We all knew we’d be seeing something like this soon. Well, now it’s here.

I am referring to a state legislative effort in California to address last year’s public nightmare involving the catastrophic breakdowns at Santa Anita Park. Last week, California General Assembly member Ash Kalra introduced Assembly Bill 2177 titled, “Equine Welfare and Safety in Horse Racing Act.”

It is a broad bill covering many facets of regulation within the parameters of its title.

There appears to be a strong appetite to address many important issues that the California Horse Racing Board (CHRB) either cannot address without enabling legislation or cannot make stricter requirements on even though they are within the CHRB’s purview.

With any legislation of this type, industry insiders’ initial focus is the answer to the question, “How does this affect me?”

My approach is different. In reviewing the legislation, my goal was to answer the following two general questions:

Is it fair, balanced, and doable, and does it serve the best interests of the horse and the horse racing industry?
Does it go too far?

Upon review, my answer to these questions are yes and yes.

Let me explain.

It is obvious that much thought and effort has gone into producing this legislation. In many ways, the bill mandates measures that will be transformative to the racing industry and that could serve as models for the ongoing national reform movement. As with most sweeping pieces of legislation, it has a few provisions that do not match the realities of the sport and could do immeasurable harm by making the sport not viable.

I’ll sort out which provisions of the bill fit each of these two categories. What you will see below is a partial list due to the scope of the bill. I’ve chosen only those few provisions that are truly transformative and those that are so ill conceived they could risk the future of California horse racing.

Transformative measures

The bill requires computerized tomography (CT) scanning equipment or a digital scanning equivalent to detect potential horse injuries be available on-site.
The bill requires that all medications dispensed on-site be limited to the least amount needed for the horse while staying at the racetrack. The bill would require CHRB to adopt regulations to require that the on-site central pharmacy has complete electronic recordkeeping to facilitate monitoring of veterinarian treatment and medications. The bill would prohibit private veterinarians from bringing medications to the track that are not dispensed at the on-site central pharmacy.

Commentary: There is no longer any doubt that many catastrophic breakdowns are the result of preexisting conditions. This has been demonstrated due to efforts of California’s world-class Equine Postmortem Program. Assuming this technology will identify at-risk horses and the costs are not prohibitive, availability of CT scanning equipment or a digital scanning equivalent should become widespread, if not mandated in each racing jurisdiction.

With regards to establishing a track pharmacy, this is, simply stated, a game changer. No doubt there will be many challenges in implementing a program that is so contrary to current industry practice. It will, however, do something the industry has been unable to accomplish: get its arms around racing’s drug culture. It will also finally change the business model of practicing veterinarians by disincentivizing the selling of drugs as payment for services. Veterinarians will have stricter medication rules and reporting requirements. And, if they are going to stay in business, veterinarians will have to utilize their education and experience in diagnosing potential issues with the long-term health of the horse as the primary consideration instead of the short-term financial interest of the owner and/or trainer.

Going too far

The bill would require that the license of a trainer with more than three violations of these medication requirements or the medication rules or regulations of any other state be suspended or revoked.
The CHRB shall suspend a trainer’s license following the death of a horse during racing or training, pending investigation by the CHRB.

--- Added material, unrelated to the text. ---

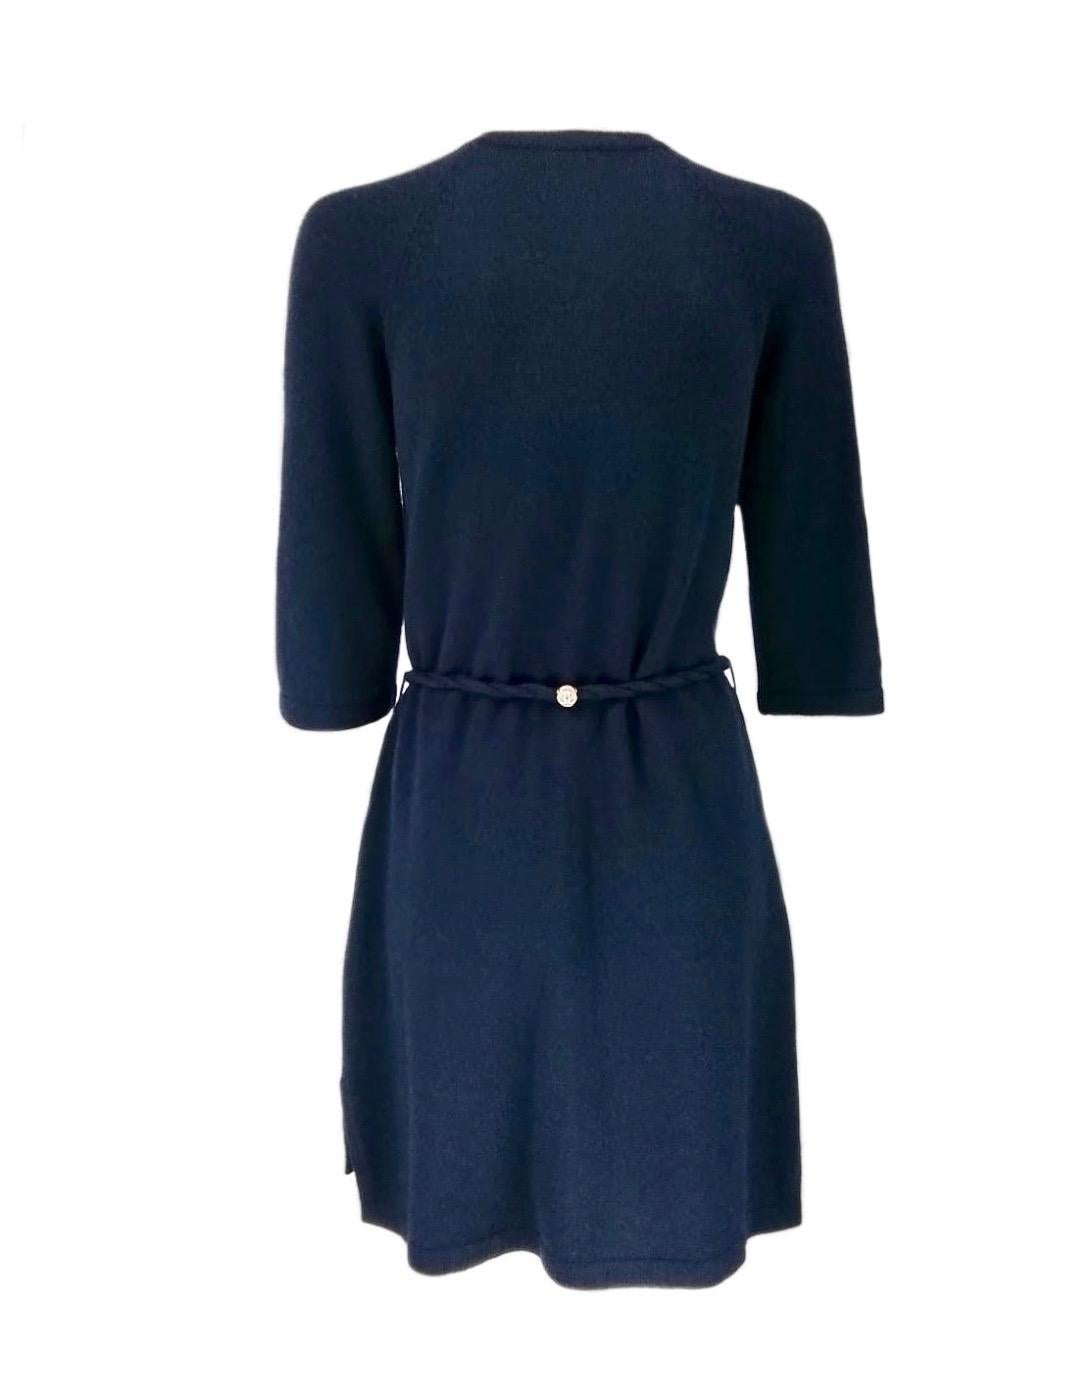 Chanel navy cashmere dress FR 36  18C For Sale 1

Commentary: A three-strikes-and-you’re-out rule might make a catchy slogan, but make no mistake, the impracticality of such a provision could end racing in California. Or, for that matter, any state that would adopt such a provision. I will concede that, should the balance of reforms in the bill be adopted, there would likely be a substantial decline of equine drug infractions. Notwithstanding such declines, accidental, inadvertent, and inexplicable drug findings would still occur. Simply stated, few trainers would risk their livelihood racing in a state that had such an unrealistic view of inadvertent drug infractions. This provision would likely cause most owners and trainers to leave California with no hope of attracting others to replace the expatriates.

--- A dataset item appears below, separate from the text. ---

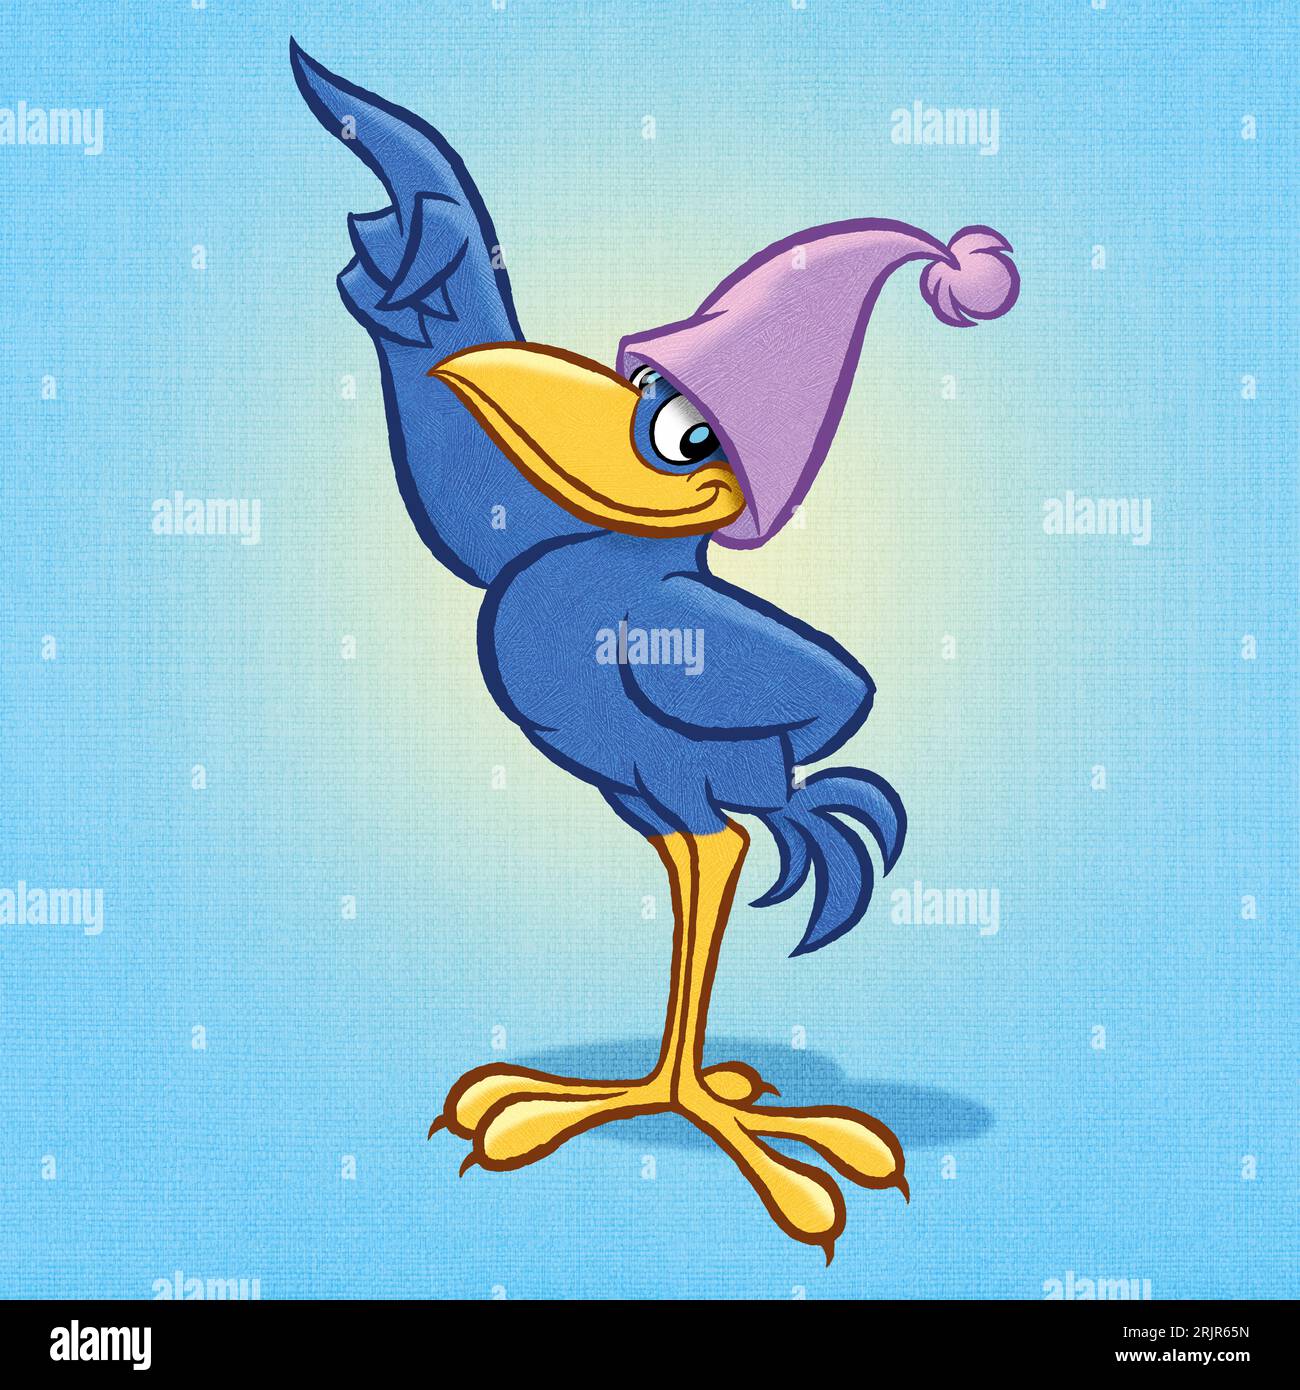 Illustrated Bird Character with Nightcap Stock Photo

Another provision that is unrealistically punitive is suspending the trainer after the death of a horse pending review. It is very uncommon for a trainer to have any reasonable foresight as to a possible catastrophic injury. It has been demonstrated, time and time again, that after review of postmortem records, trainers are not held liable for the accidental death of their horse. Knowing that, why would we now suspend him or her when we have no reasonable expectation that the suspension would be justified? Such a summary suspension should be limited to the occasions when regulators have evidence of neglect or malfeasance. As with the three-strikes-and-you’re-out provision, a rule that automatically suspends a trainer pending review would cause an unnecessary and irreversible exodus of horsemen out of California.

Former Indiana Horse Racing Commission executive director Joe Gorajec is a consultant whose clients include Horse Racing Reform, an industry initiative led by The Jockey Club and Thoroughbred Owners and Breeders Association.